[In theaters and Video on Demand.]
Even with its murky story and assorted other shortcomings, “The Congress” is a wildly original and memorable experience, the sort of movie that lodges itself in your head whether you fully understand it or not. Melancholic, thoughtful, and completely animated for half of its running time, the film looks at issues both broad (technology, self-image, the nature of the soul) and narrow (Hollywood’s treatment of actresses over 40, the assembly-line process by which most movies are made). It’s meta-referential, partially based on a Stanislaw Lem novel, loosely satiric, and vaguely disquieting. We’ve seen all of the film’s elements before, but this combination of them is heady and new.
Written and directed by Ari Folman (who made the poignant animated autobiography “Waltz with Bashir”), “The Congress” stars Robin Wright as a fictionalized version of herself, a once-promising actress and potential Hollywood A-lister who has faded into relative obscurity. Here she is the mother of two children, teenage Sarah (Sami Gayle) and young Aaron (Kodi Smit-McPhee), whom she lives with in a converted airplane hangar in the California desert. Aaron’s health problems have given Robin an excuse to drop out of public life and essentially abandon her career, which was floundering anyway because of her indecisiveness.
Her longtime agent, Al (Harvey Keitel), a paternal man with genuine affection for her, comes to Robin with an offer. Technological advancements now allow movie studios to “scan” an actor into a database — not just their physical dimensions but their emotions, voice, and delivery — and then use those bytes and pixels to create entirely new performances. An actor thus scanned can keep appearing in movies forever without doing any more work, all at the discretion of the studio that did the scanning and paid for the rights to the person’s image.
Robin is against the idea despite the massive paycheck being offered, but she eventually concedes, more because the story requires it than for any other discernible reason. The actual scanning scene, in which Robin must deliver a wide range of emotions while listening to a charming anecdote from Al, doesn’t quite hit the emotional mark it’s aiming for, but we get the idea.
Now we come to the real meat of the film, 20 years later, when the flesh-and-blood Robin is totally off the grid while the scanned Robin is a major action star. Technology has advanced to the point where people can ingest a drug that turns them into animated characters, either ‘toon versions of themselves or of other people. There are entire communities that are “restricted animated zones,” populated by people who have become cartoons (or who are sharing the hallucination of being cartoons, anyway). Robin attends a Futuristic Congress meeting being held in such a place, giving us a dazzling and surreal animated sequence that completely changes the direction of the film before bringing it back to where it started.

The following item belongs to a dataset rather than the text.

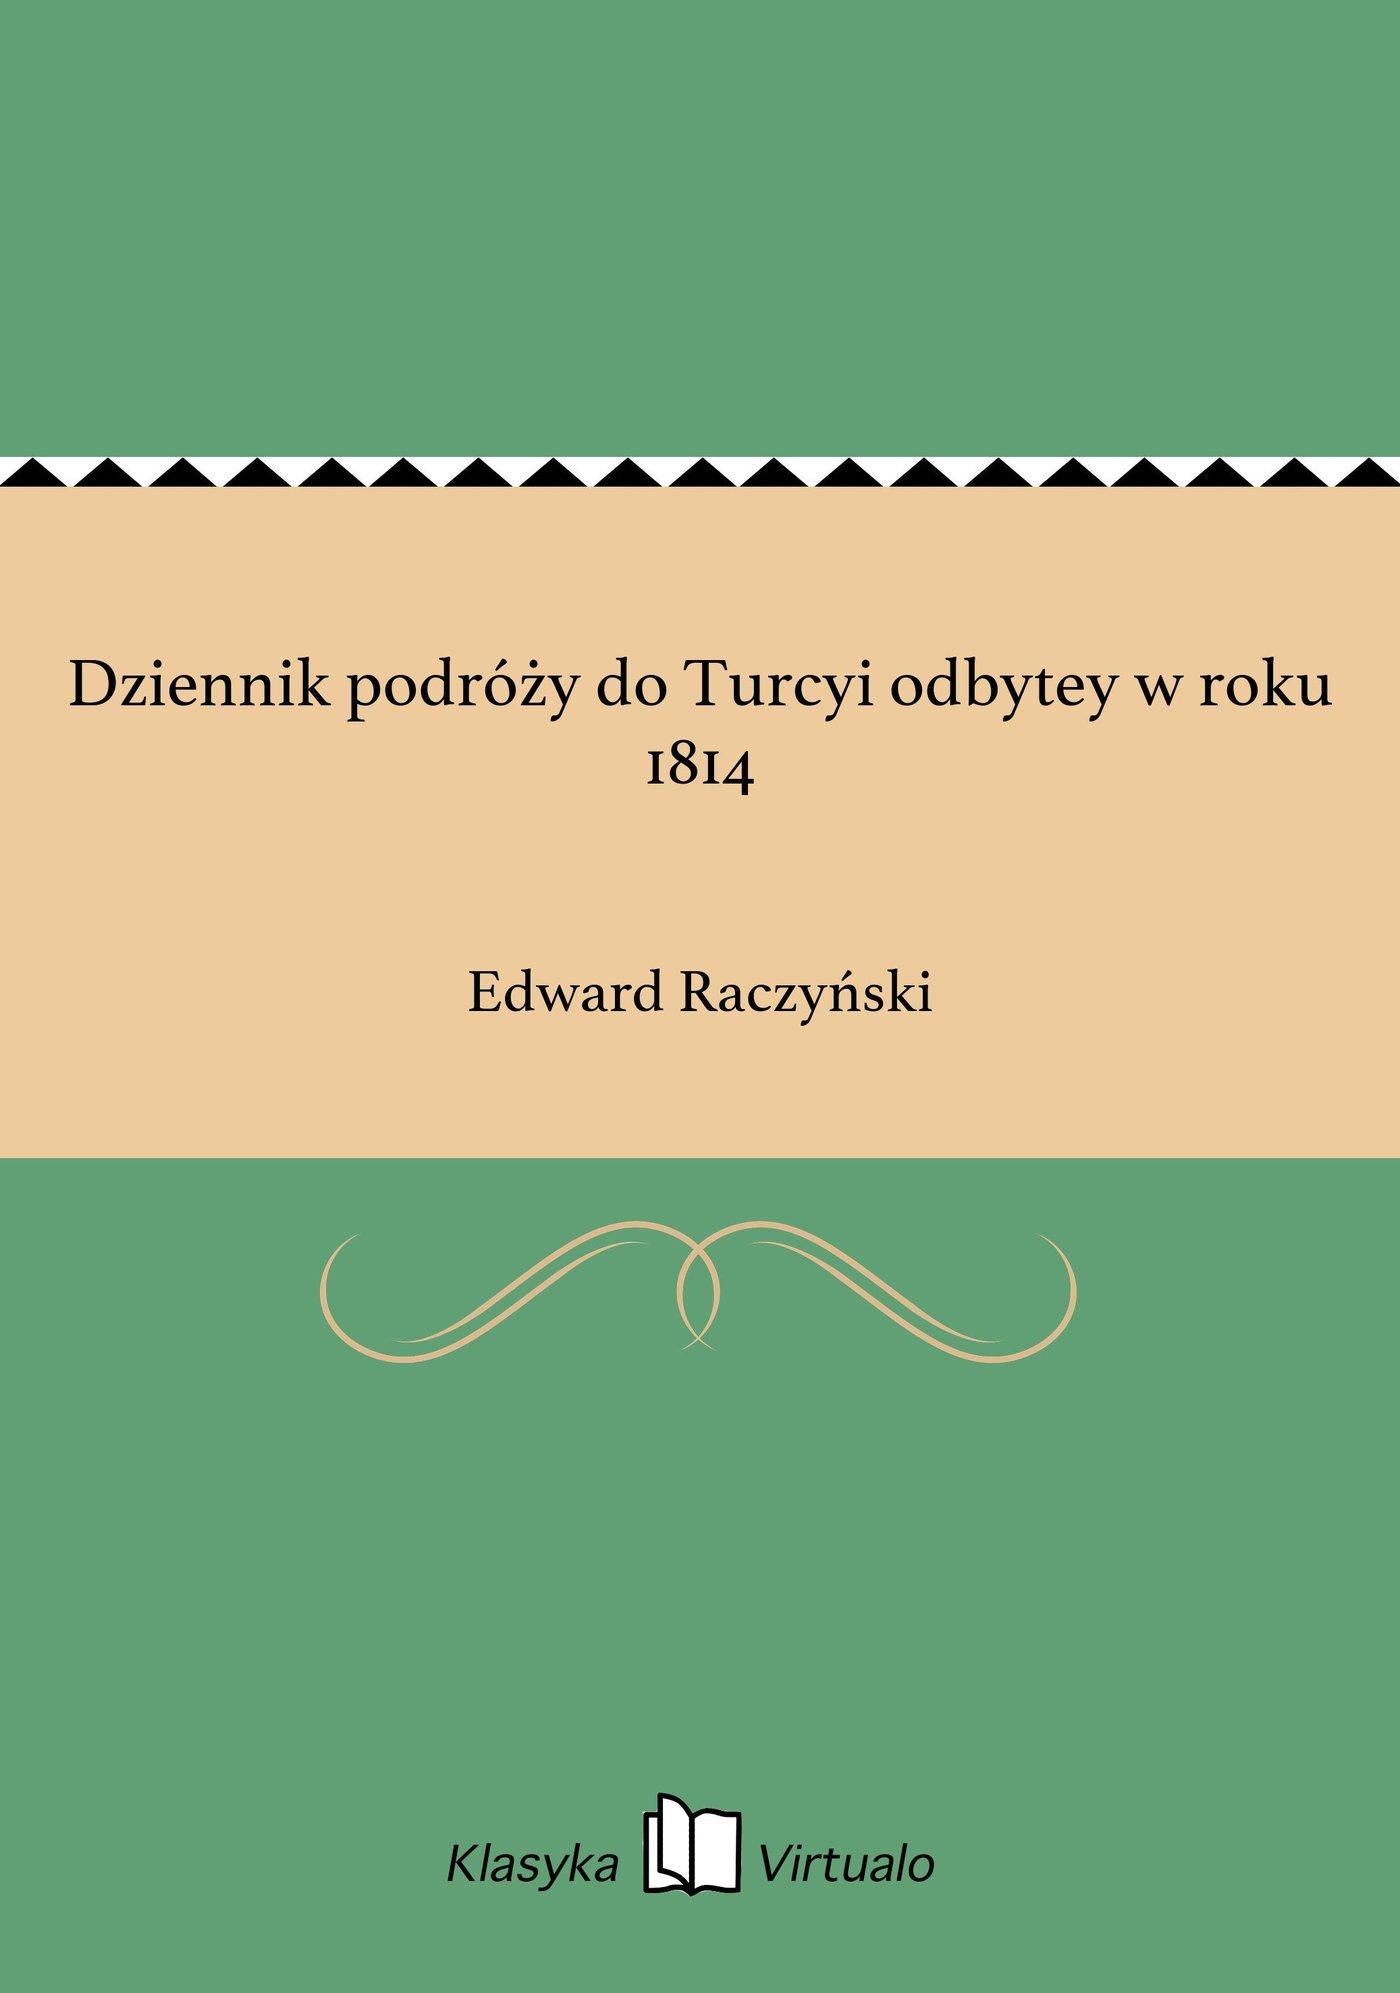 Dziennik podróży do Turcyi odbytey w roku 1814 - Ebook (Książka EPUB) do pobrania w formacie EPUB
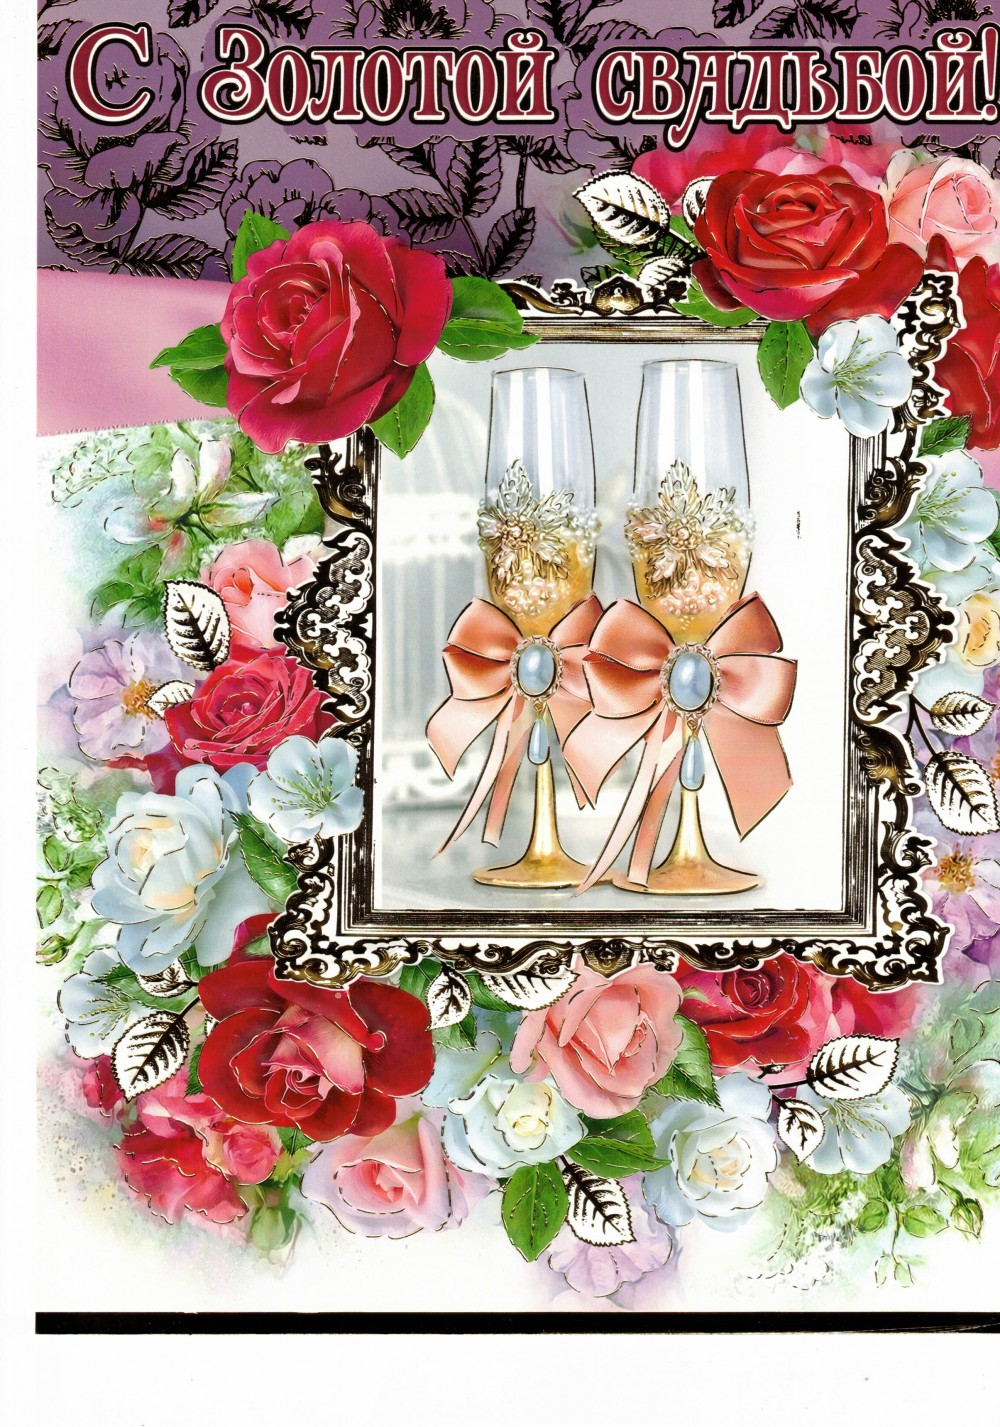 Лучший работник, открытка с поздравлением золотой свадьбы

Folman takes us down a sci-fi rabbit hole into increasingly weird scenarios, painting the future as a series of scary hallucinogens and nonstop existential crises. What is real? What substantial difference is there, really, between experiencing something and just vividly imagining that you’ve experienced it, especially if the latter can produce the same memories and emotional scars? Movie Robin navigates these and other thorny questions delicately, the real Robin Wright’s strong, sympathetic performance keeping us fascinated even when we don’t quite grasp all the “rules” of this animated world. If nothing else, we can always relate to the character’s desire to protect her children in a world that’s gradually tearing down our real selves and replacing them with avatars.